Vectorization of modulo multiplication


I have a function:

void Func(const int * a, const int * b, size_t size, int p, int * c)
{
    for (size_t i = 0; i < size; ++i)
        c[i] = (a[i]*b[i])%p;
}

This function performs many modulo multiplication for arrays of integer. All integers are positive. And I need to improve its performance.

I thought about SSE and AVX. But they don't have an operation to vectorize modulo multiplication. Or maybe I'm wrong?

Maybe anybody know any posibility to solve this problem?


Solution

  • At first I want to note that modulo operation can be realized with using of float point numbers:

    d % p = d - int(float(d)/float(p))*p.
    

    Although the amount of operation in right part is greater then in left one this part is preferable because it can be vectorized with using of SSE/AVX.

    An implementation with SSE4.1 for 32x32 => 32-bit integer multiplication. Note that conversion from FP back to integer is done with round-to-nearest; use truncation toward zero (cvttps_epi32) if you want semantics like C float->integer conversions.

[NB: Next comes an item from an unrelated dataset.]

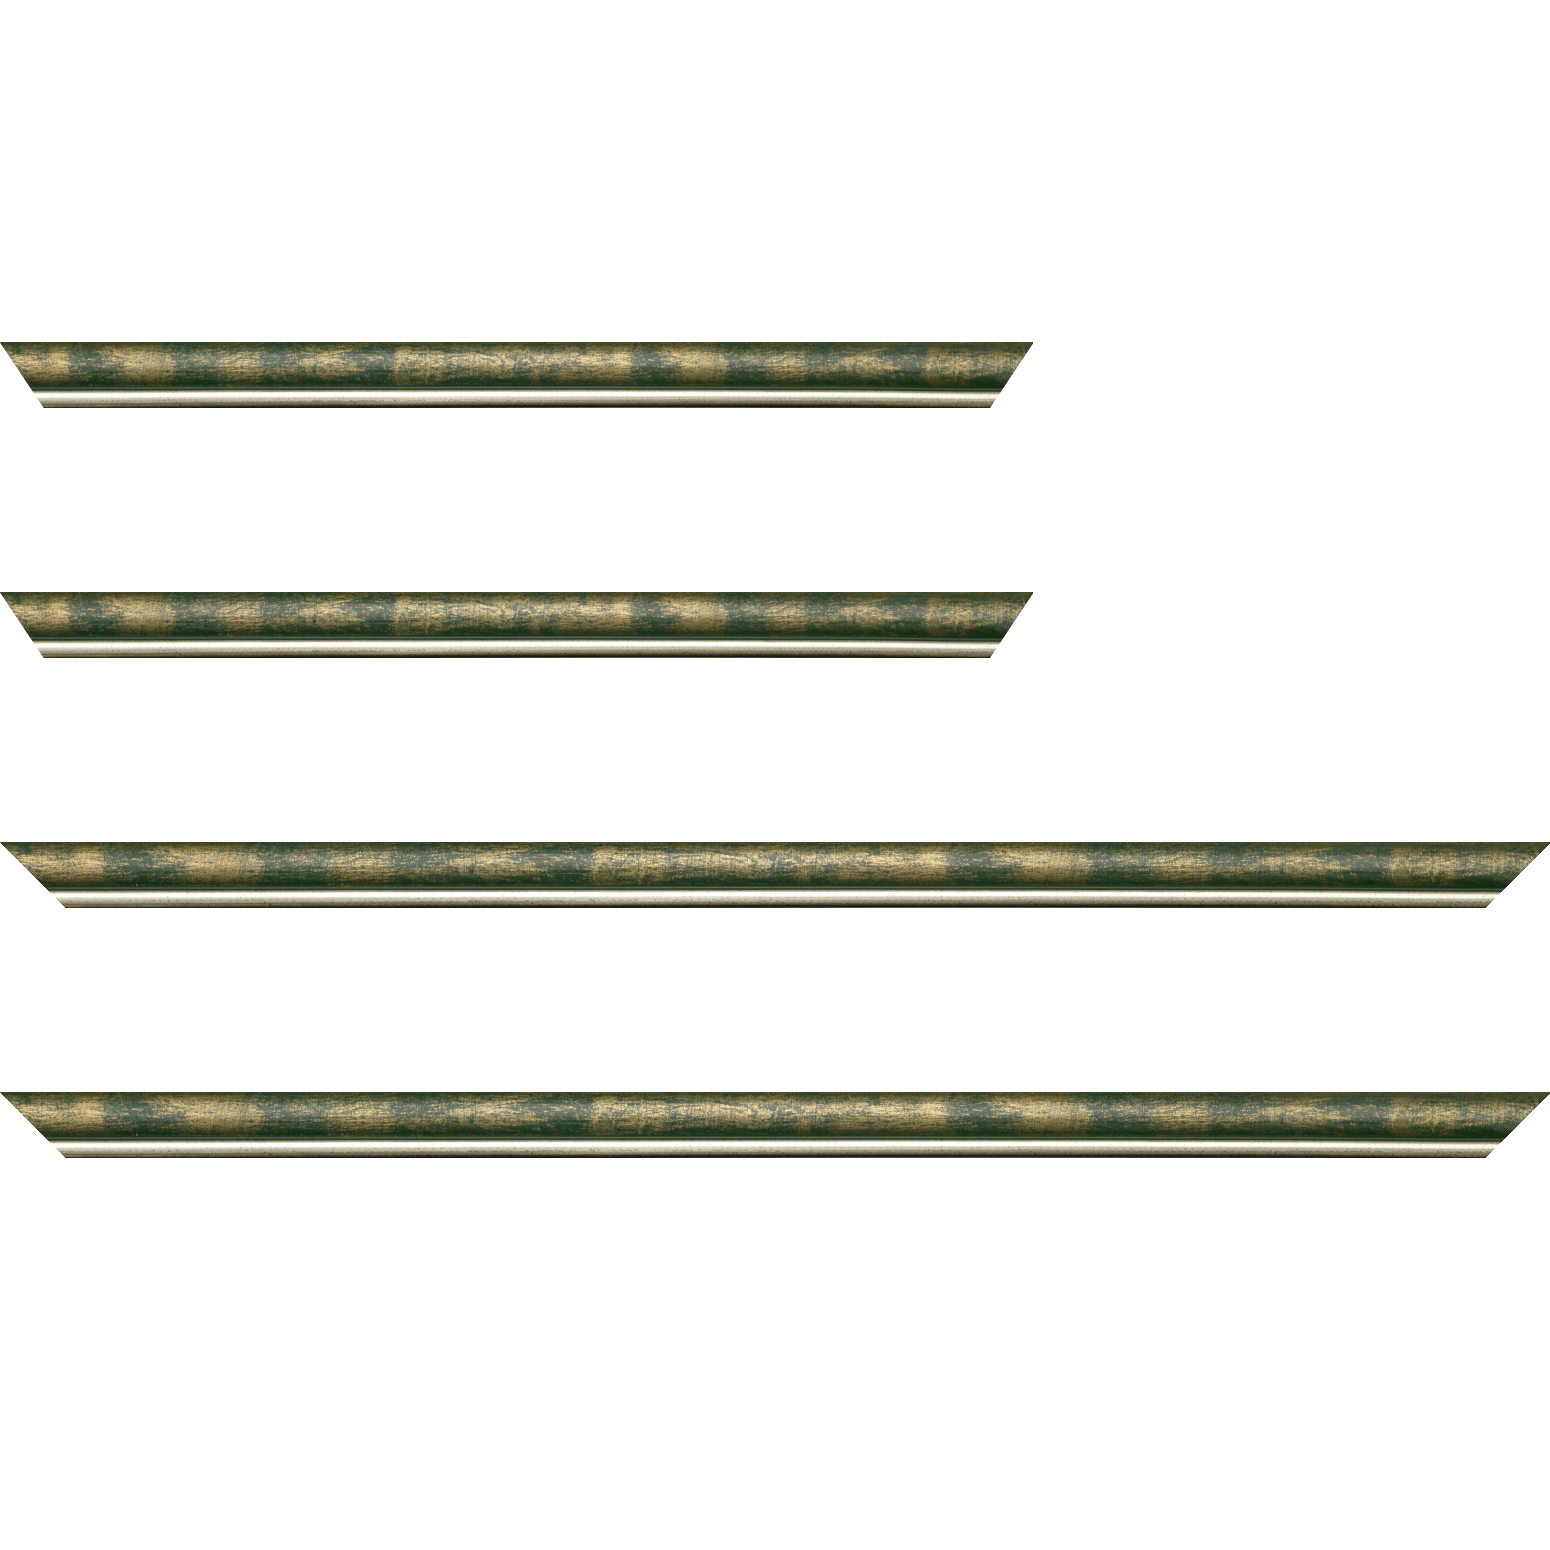 Baguette bois profil arrondi largeur 2.1cm  couleur vert fond or filet argent chaud - 34x40

    void Func(const int * a, const int * b, size_t size, int p, int * c)
    {
        __m128 _k = _mm_set1_ps(1.0f / p);
        __m128i _p = _mm_set1_epi32(p);
        for (size_t i = 0; i < size; i += 4)
        {
            __m128i _a = _mm_loadu_si128((__m128i*)(a + i));
            __m128i _b = _mm_loadu_si128((__m128i*)(b + i));
            __m128i _d = _mm_mullo_epi32(_a, _b);
            __m128i _e = _mm_cvtps_epi32(_mm_mul_ps(_mm_cvtepi32_ps(_d), _k)); // e = int(float(d)/float(p));
            __m128i _c = _mm_sub_epi32(_d, _mm_mullo_epi32(_e, _p));
            _mm_storeu_si128((__m128i*)(c + i), _c);
        }            
    }
    

    An implementation with using of AVX :

    void Func(const int * a, const int * b, size_t size, int p, int * c)
    {
        __m256 _k = _mm256_set1_ps(1.0f / p);
        __m256i _p = _mm256_set1_epi32(p);
        for (size_t i = 0; i < size; i += 8)
        {
            __m256i _a = _mm256_loadu_si128((__m256i*)(a + i));
            __m256i _b = _mm256_loadu_si128((__m256i*)(b + i));
            __m256i _d = _mm256_mullo_epi32(_a, _b);
            __m256i _e = _mm256_cvtps_epi32(_mm256_mul_ps(_mm256_cvtepi32_ps(_d), _k)); // e = int(float(d)/float(p));
            __m256i _c = _mm256_sub_epi32(_d, _mm256_mullo_epi32(_e, _p));
            _mm256_storeu_si128((__m256i*)(c + i), _c);
        }            
    }